# Deer/Reindeer Antlers for Costume



## amp23 (Jan 6, 2011)

So we are having a Halloween fun show at my barn coming up. Since I have a dark palomino that I always joked looked like a deer, I think I'm gonna try to dress up as a hunter and a deer. This would also be ironic since his name is Hunter  

I think I have some Christmas antlers laying around, but would anyone know how to make some bigger, cooler antlers? I would probably just wear all camo and hunting clothes. Would anyone have any other ideas of what I could do? 

For inspiration, here's Hunter:


----------



## Samstead (Dec 13, 2011)

hmmmm they'll need to be light weight so you don't weigh down his head too much....maybe paper mache? or tin foil (might be easier to mold) wrapped in paper? on second thought it might be easier to have a tinfoil base and a thin layer of paper mache on the outside. There's the spray on clear coat stuff you can get that would help protect them form the paint chipping


----------



## DancingArabian (Jul 15, 2011)

If you're crafty, you can just buy some brown felt and make some antlers for horsie.
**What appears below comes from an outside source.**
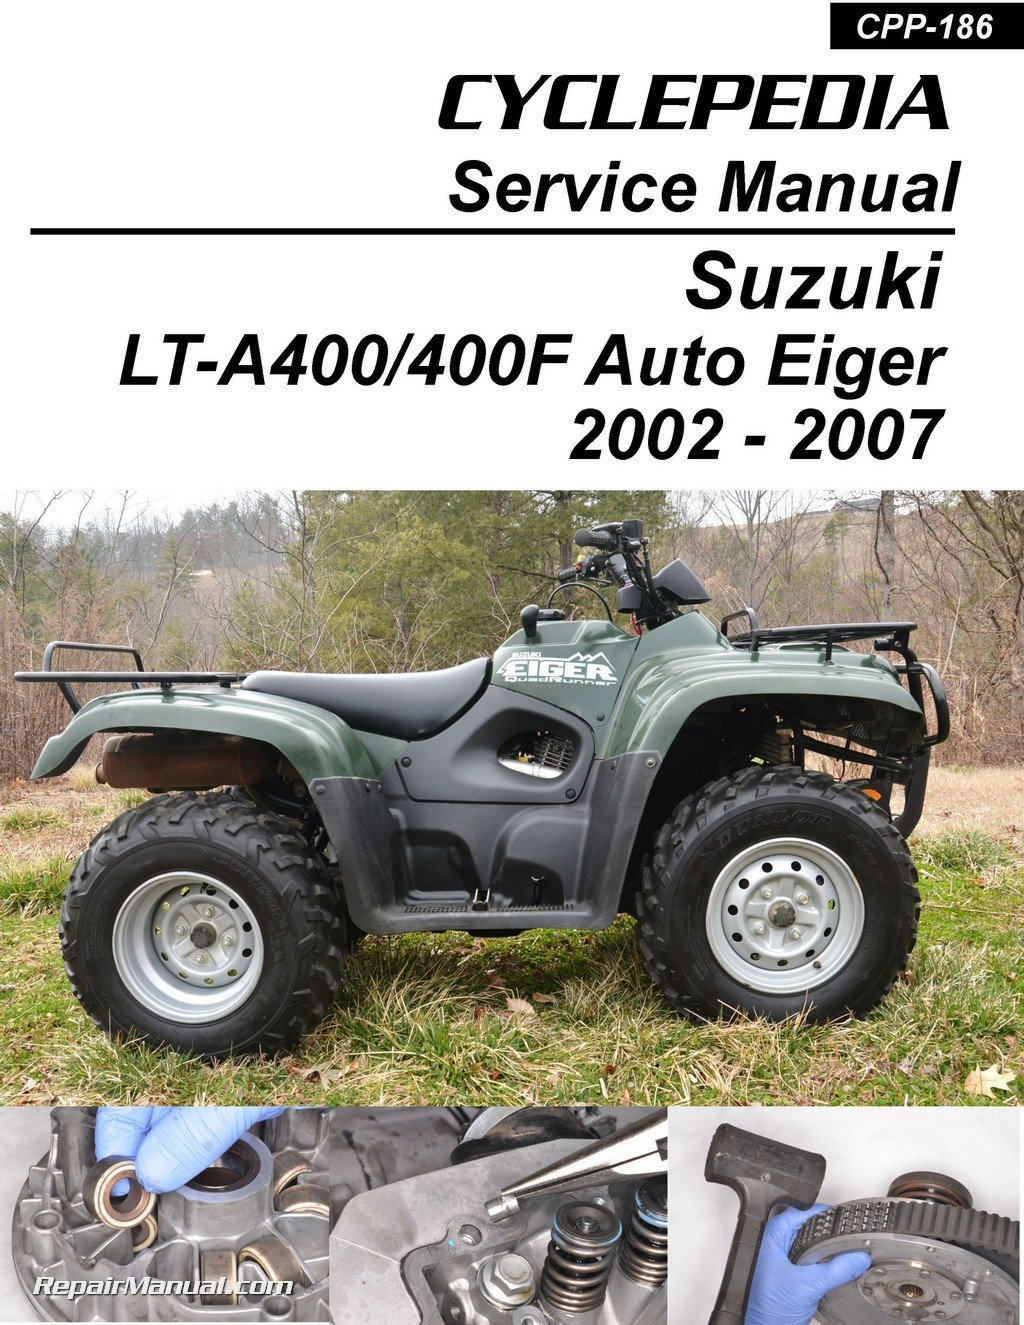 CPP-186-Print Suzuki Auto Shifter Eiger LT-A400 400F ATV Printed Service  Manual: Manufacturer: Amazon.com: Books

Check out your local pet shop. They usually sell antlers that fit dogs - if you found antlers that would fit a great dane or some other huge headed dog, you'd be fine.


----------



## Golden Horse (Feb 20, 2010)

Felt was my idea as well, with florists wire in to hold them up


----------



## amp23 (Jan 6, 2011)

I was thinking of felt would look good, but wasn't sure of the best way to mold it. I guess wire would work. I've never worked with paper mache before- how hard is it to do? What do yall think would be the best way to attach to his bridle?



DancingArabian said:


> If you're crafty, you can just buy some brown felt and make some antlers for horsie.
> 
> Check out your local pet shop. They usually sell antlers that fit dogs - if you found antlers that would fit a great dane or some other huge headed dog, you'd be fine.


I hadn't thought of this. I'll have to try to find some dog antlers. We have a few local pet stores so I may be able to find some.



Thankfully he isn't ever bothered by anything and would put up with some big antlers on his head


----------



## Thunderspark (Oct 17, 2012)

I made a halo for my mare, we used a coat hanger, you need something with strength........I would use felt with a coat hanger, have it go down the sides of the head behind the ears, don't make it too tight.......


----------



## LadyDreamer (Jan 25, 2008)

Here was my horse. He was probably four months in this picture. Yes, those are bells, and yes he was perfectly fine with it. God, I miss him. 

https://fbcdn-photos-c-a.akamaihd.net/hphotos-ak-prn1/62839_432498221289_3109948_n.jpg
_Posted via Mobile Device_


----------



## amp23 (Jan 6, 2011)

LadyDreamer, that is adorable!

A coat hanger sounds like a good idea! 

We were told today though that the Halloween show was cancelled due to lack of interest and conflicts with the Georgia vs. Florida game that weekend (biggest football game of the year down here in Georgia)

I may still try to make some antlers for him though... If not for Halloween then for Christmas


----------